- Source data -
————

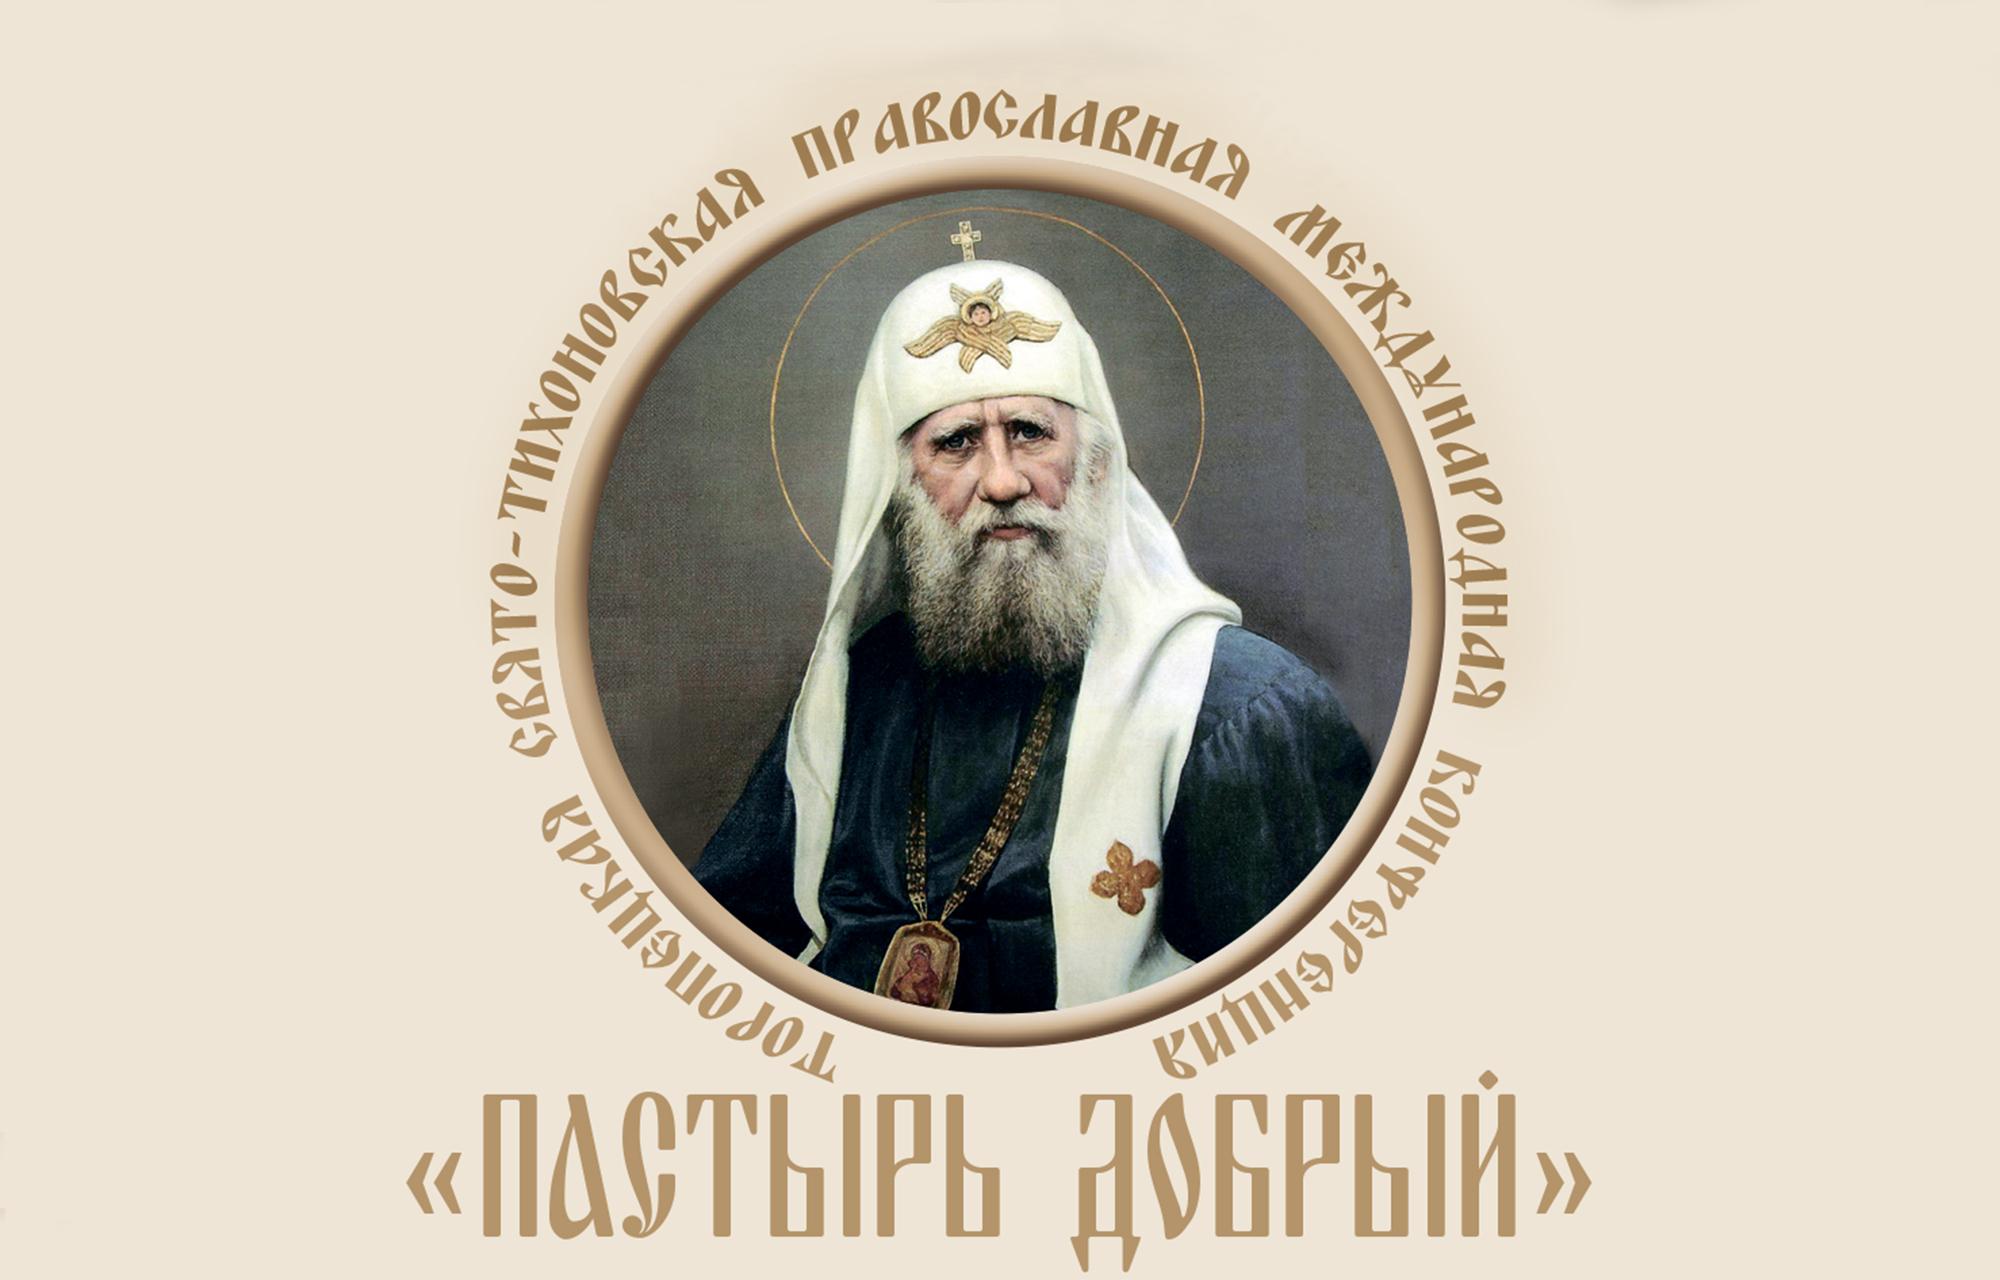 Конференция «Пастырь добрый» стартовала в Тверской области в формате онлайн
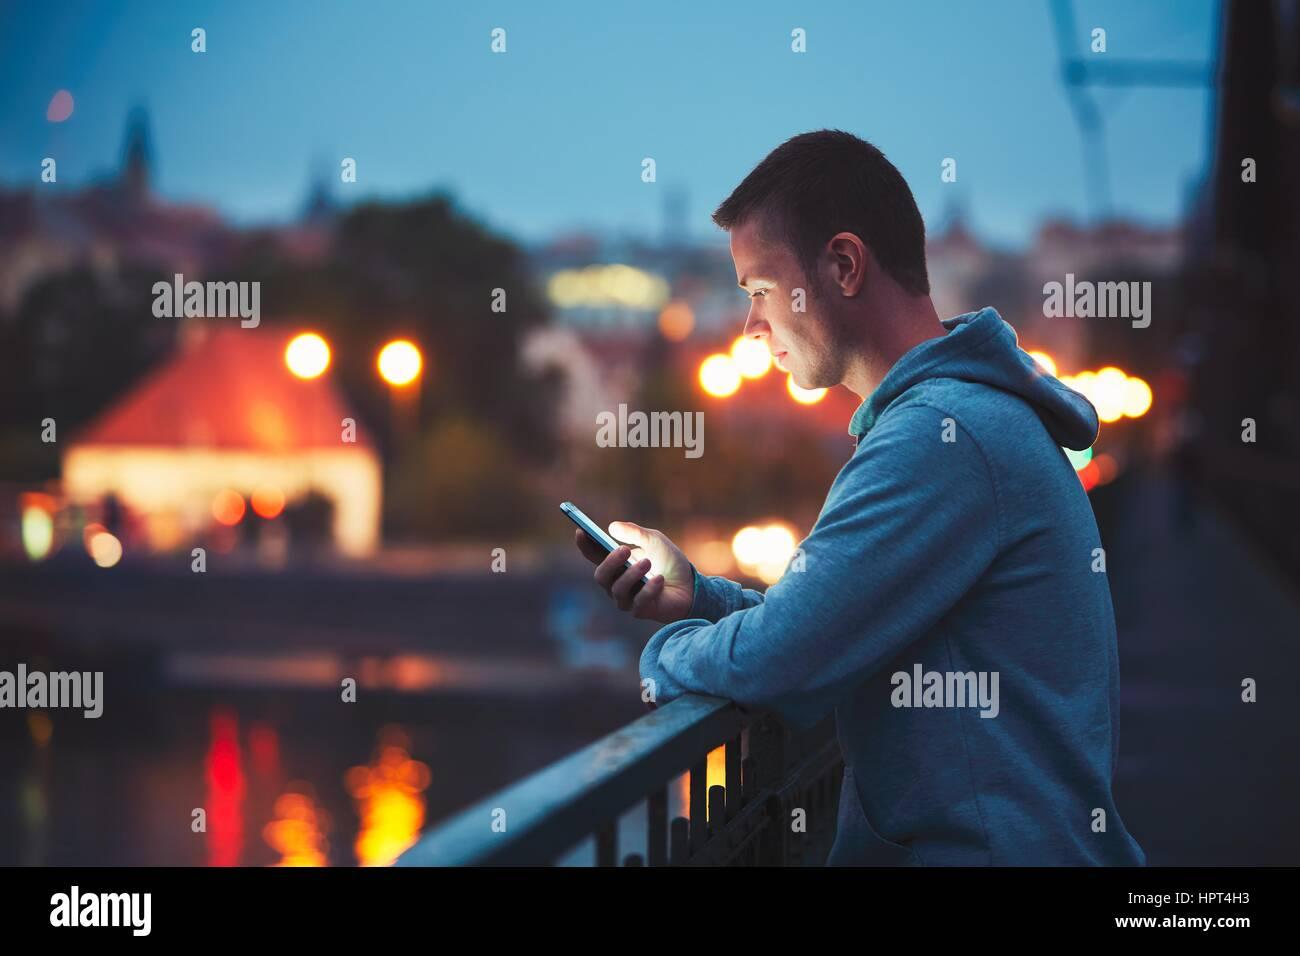 Solo nella notte in città con il telefono cellulare. Bello dreamy uomo messaggio di lettura (o cercando sul Immagini Stock
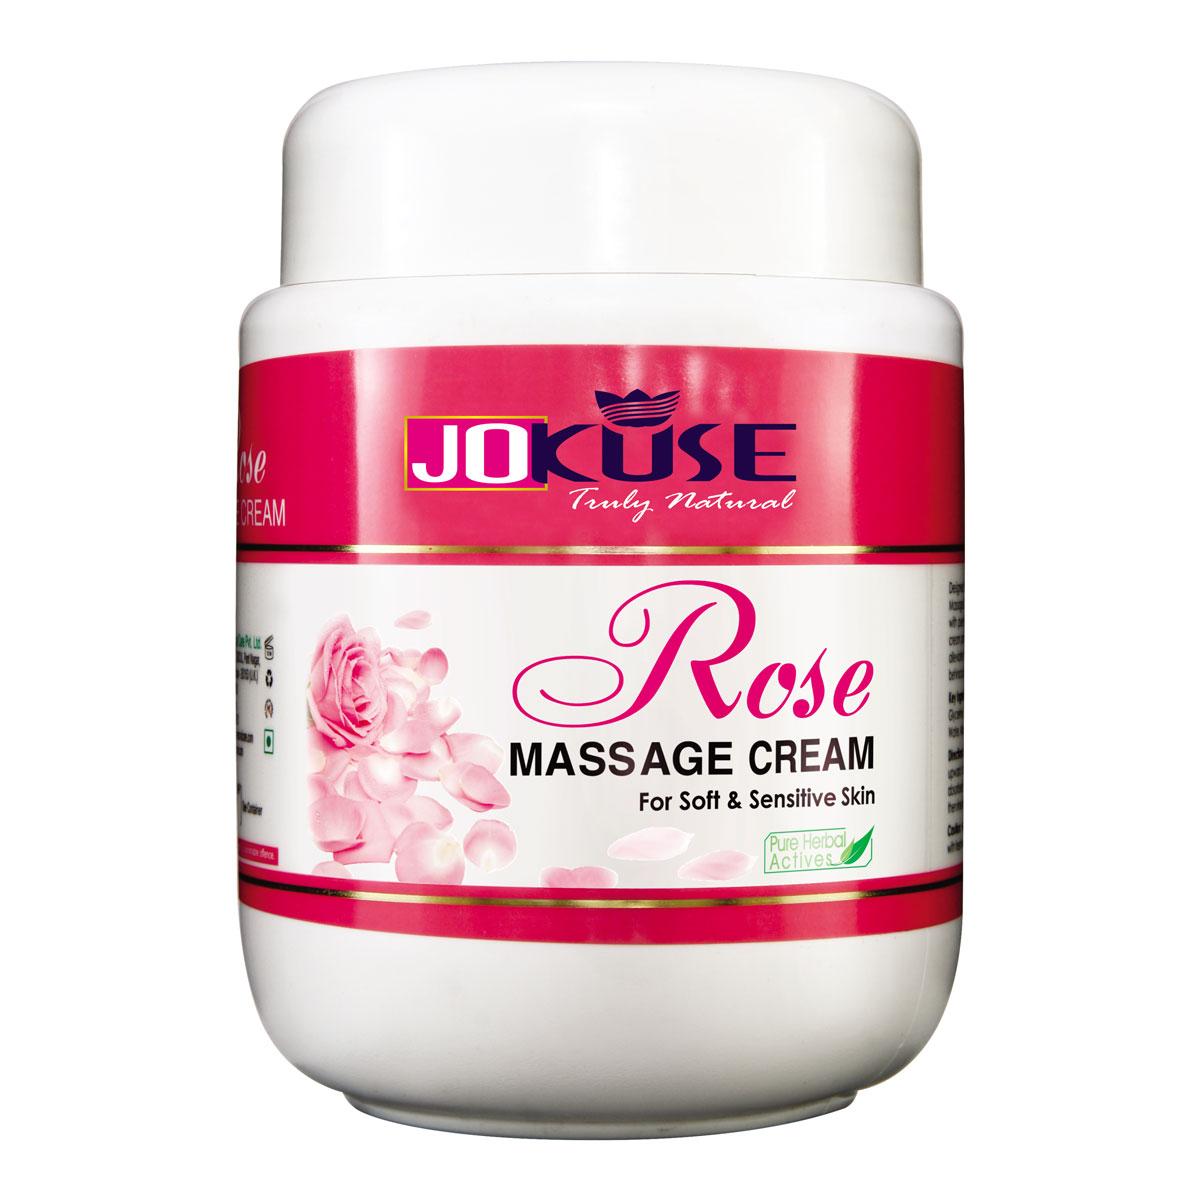 ROSE MASSAGE CREAM
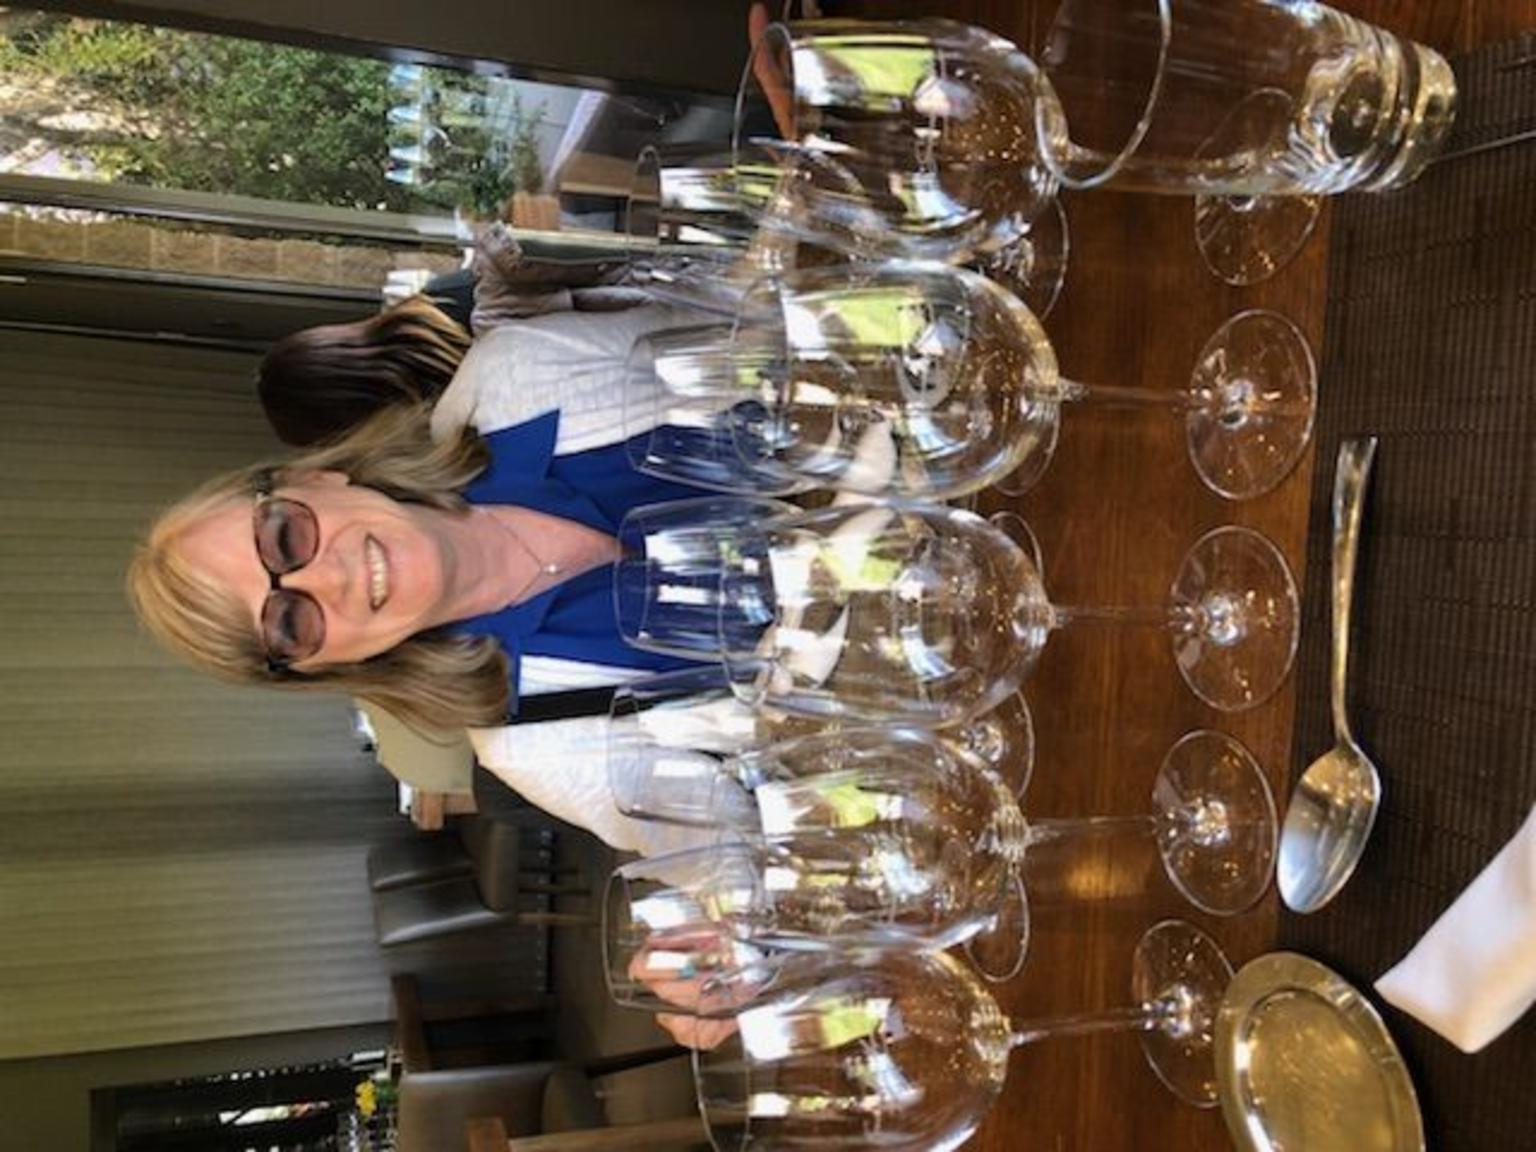 MÁS FOTOS, Recorrido de día completo a Mendoza con experiencia con vino desde Buenos Aires

————

- Problem requirements -
Leaving the pictures aside, transcribe the entire listing exactly.

- Output for this exercise -
 Конференция «Пастырь добрый» стартовала в Тверской области в формате онлайн
 Solo nella notte in città con il telefono cellulare. Bello dreamy uomo messaggio di lettura (o cercando sul Immagini Stock
 ROSE MASSAGE CREAM
 MÁS FOTOS, Recorrido de día completo a Mendoza con experiencia con vino desde Buenos Aires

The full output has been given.